US President Donald Trump will “renege” on any possible trade deal it reaches with China, as Washington has never been an honest broker, says a political analyst in California.
“The world can see for itself, on a daily basis, that it is the word of the US, especially now under the Trump administration, not China's, which cannot be trusted,” said Dennis Etler, a former professor of Anthropology at Cabrillo College in Aptos, California.
“The US has never been an honest broker, its modus operandi has always been dissimulation and deceit,” Etler told Press TV on Wednesday. “To turn around and disingenuously accuse your opponent of what you yourself have done is the standard operating procedure of the US now and in the past.”
“This has been compounded by the fact that US President Trump is a congenital liar,” he added.
The world is “shocked” that White House trade adviser Peter Navarro made up a fictitious anti-China economist in his books, China’s Foreign Ministry said on Tuesday, adding that it is absurd and dangerous to make policy based on lies.

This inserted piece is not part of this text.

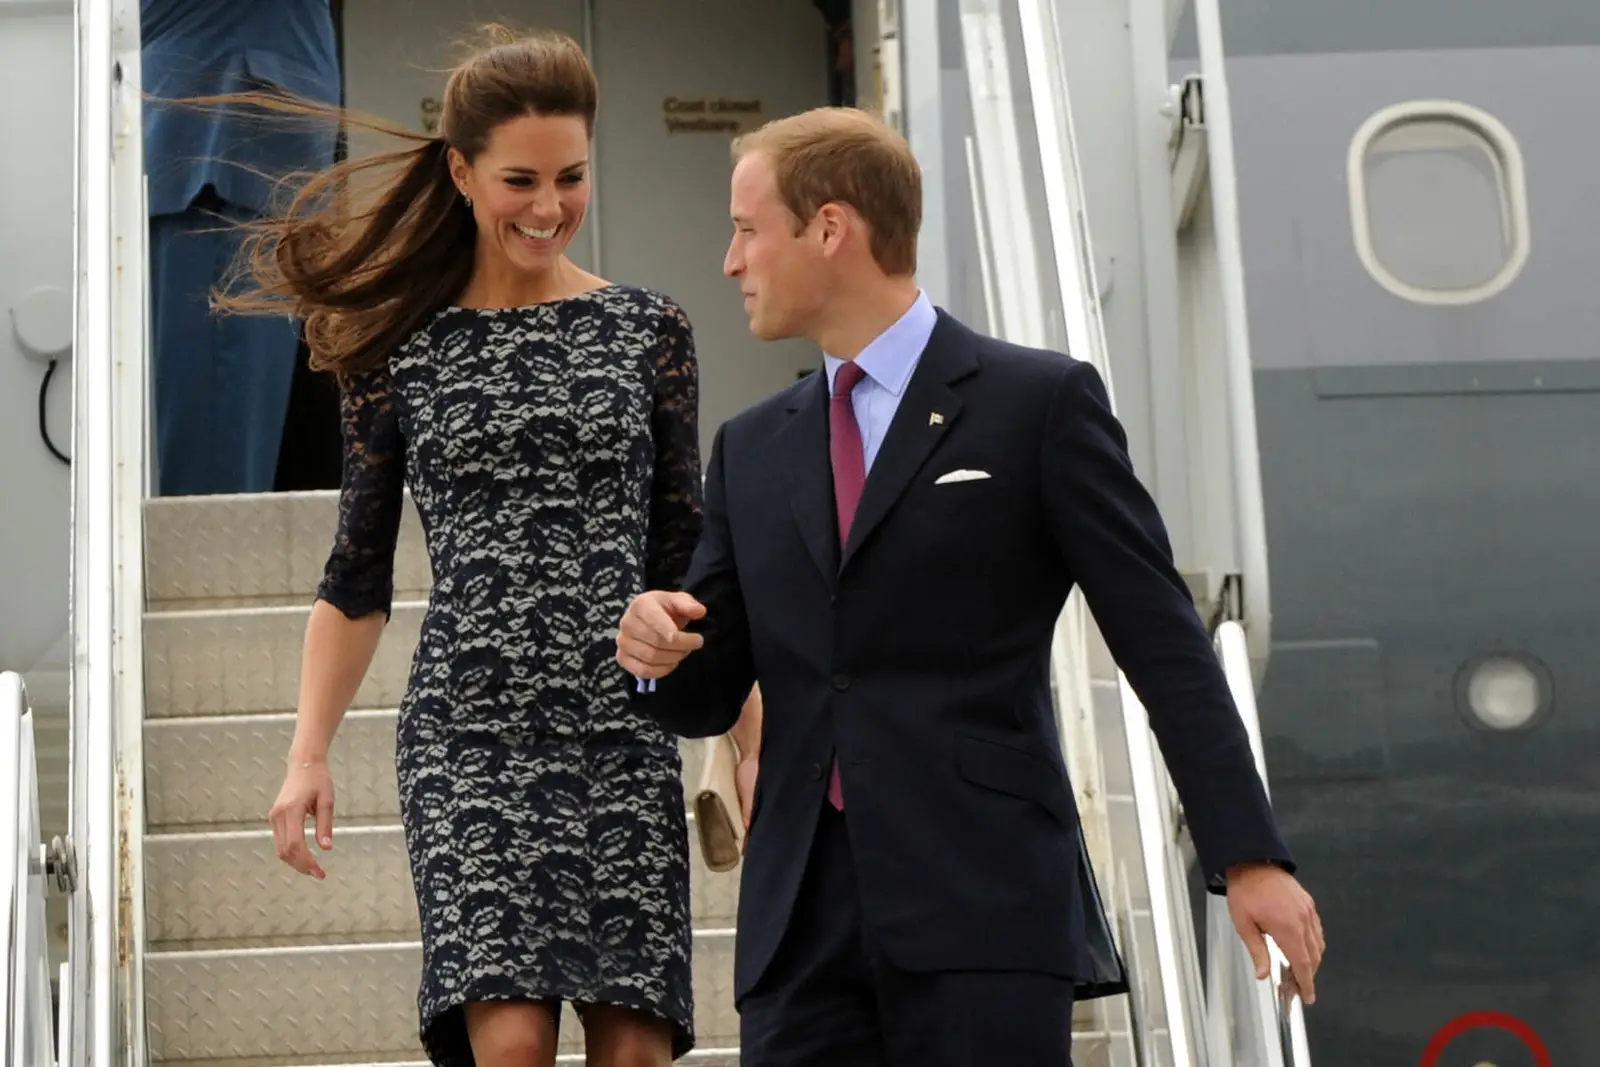 The Duke and Duchess of Cambridge arrived in Canada for Royal tour in 2011

“Making up and peddling lies, even making policy based on lies, is not only ridiculous, but also extremely dangerous,” Chinese Foreign Ministry spokeswoman Hua Chunying told a daily news briefing.
The Chronicle of Higher Education reported last week that Navarro invented and quoted an economist named Ron Vara.
It said that according to Tessa Morris-Suzuki, an emeritus professor at Australian National University, Vara’s name had appeared a dozen times in six of Navarro’s nonfiction books but no such person could be found.
Navarro has been forced to admit that Ron Vara, a hawkish analyst quoted in several of his books, is in fact a made-up person whose name is an anagram of Navarro's own.
Navarro said in a statement that the name he used was “a whimsical device and pen name I’ve used throughout the years for opinions and purely entertainment value, not as a source of fact”.
Chinese state media, though generally not China’s government, have repeatedly criticized Navarro, who has advocated a hard line against Beijing.
The United States and China have been locked in a trade war for more than a year. Washington and Beijing have levied punitive duties on hundreds of billions of dollars of each other’s goods, roiling financial markets and threatening global growth.